A tuple returned after a dbt task executes.

Parameters:
  • success (bool)

  • run_results (Optional[RunResult])

  • artifacts (dict[str, Any])

success

Whether the task succeeded or not.

Type:

bool

run_results

Results from the dbt task, if available.

Type:

Optional[RunResult]

artifacts

A dictionary of saved dbt artifacts. It may be empty.

Type:

dict[str, Any]

artifacts: dict[str, Any]

Alias for field number 2

run_results: RunResult | None

Alias for field number 1

success: bool

Alias for field number 0

class airflow_dbt_python.hooks.dbt.DbtTemporaryDirectory(suffix=None, prefix=None, dir=None, ignore_cleanup_errors=True)[source]

A wrapper on TemporaryDirectory for older versions of Python.

Support for ignore_cleanup_errors was added in Python 3.10. There is a very obscure error that can happen when cleaning up a directory, even though everything should be cleaned. We would like to use ignore_cleanup_errors to provide clean up on a best-effort basis. For the time being, we are addressing this only for Python>=3.10.

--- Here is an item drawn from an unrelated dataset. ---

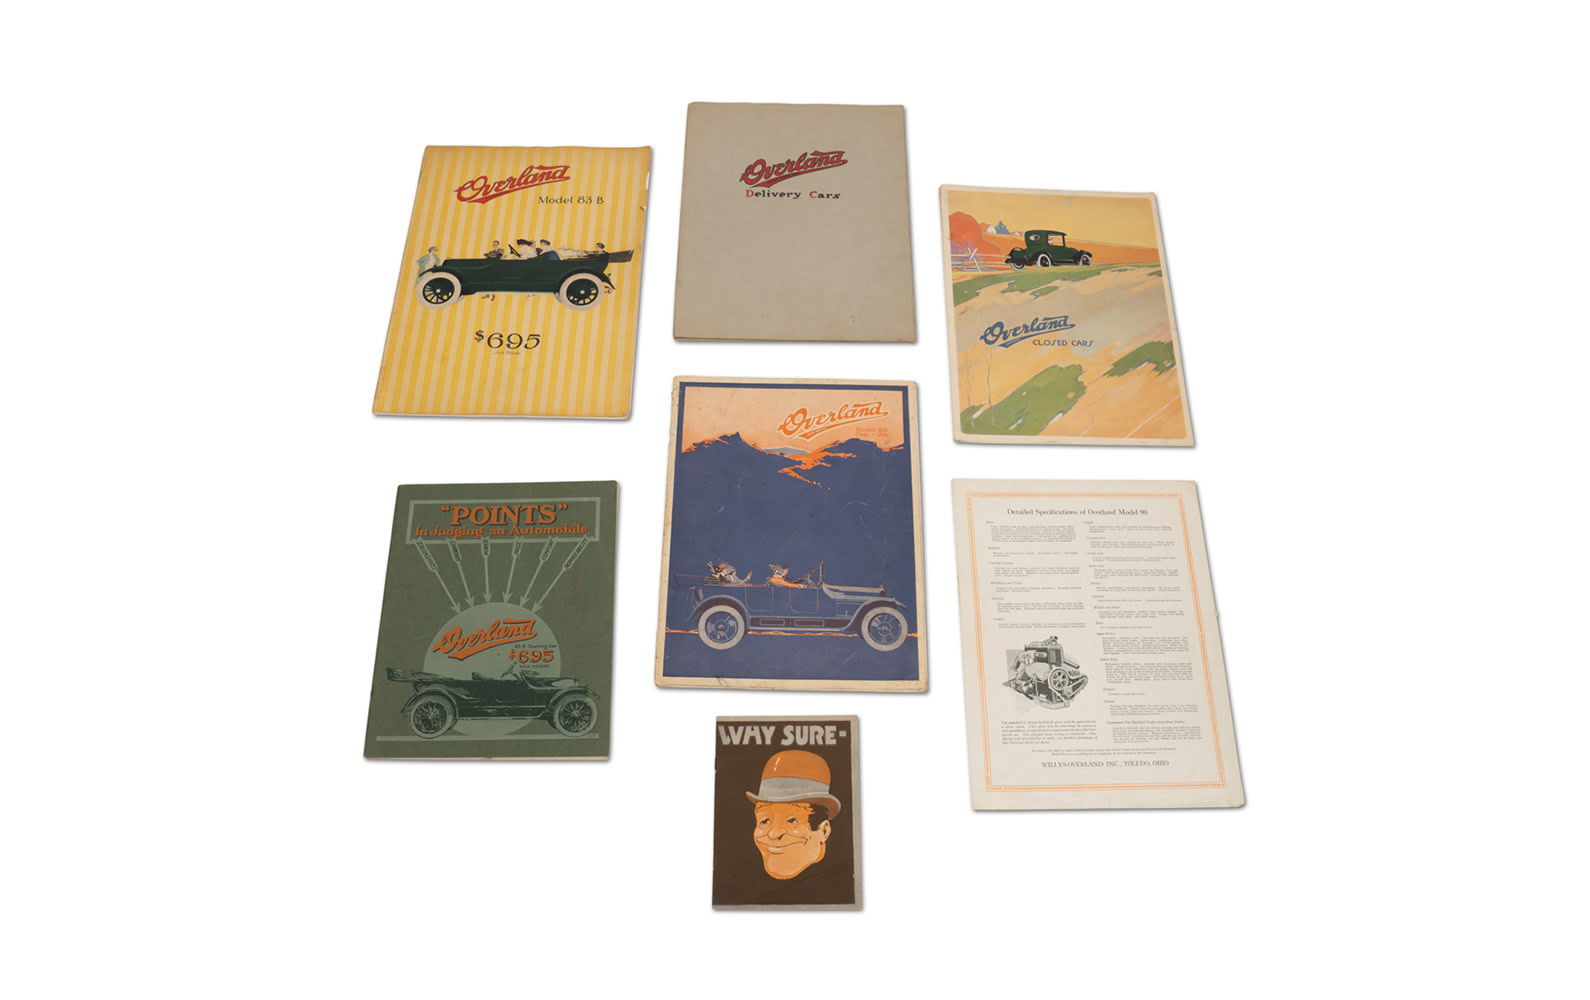 Assorted Overland Literature

Supported dbt remote hooks

The DbtRemoteHook interface

The DbtRemoteHook interface includes methods for downloading and uploading files.

Internally, DbtRemoteHooks can use Airflow hooks to execute the actual operations.

Currently, only AWS S3 and the local filesystem are supported as remotes.

class airflow_dbt_python.hooks.remote.DbtRemoteHook(context=None)[source]

Represents a dbt project storing any dbt files.

A concrete backend class should implement the push and pull methods to fetch one or more dbt files. Backends can rely on an Airflow connection with a corresponding hook, but this is not enforced.

Delegating the responsibility of dealing with dbt files to backend subclasses allows us to support more backends without changing the DbtHook.

connection_id

An optional Airflow connection. If defined, will be used to instantiate a hook for this backend.

abstract download(source, destination, replace=False, delete_before=False)[source]

Download source URL into local destination URL.

Parameters:
  • source (URL)

  • destination (URL)

  • replace (bool)

  • delete_before (bool)

download_dbt_profiles(source, destination)[source]

Download a dbt profiles.yml file from a given source.

Parameters:
  • source (URL | str | Path) – URLLike pointing to a remote containing a profiles.yml file.

  • destination (URL | str | Path) – URLLike to a directory where the profiles.yml will be stored.

Returns:

The destination Path.

Return type:

Path

download_dbt_project(source, destination)[source]

Download all dbt project files from a given source.

Parameters:
  • source (URL | str | Path) – URLLike to a directory containing a dbt project.

  • destination (URL | str | Path) – URLLike to a directory where the will be stored.

Returns:

The destination Path.

Return type:

Path

abstract upload(source, destination, replace=False, delete_before=False)[source]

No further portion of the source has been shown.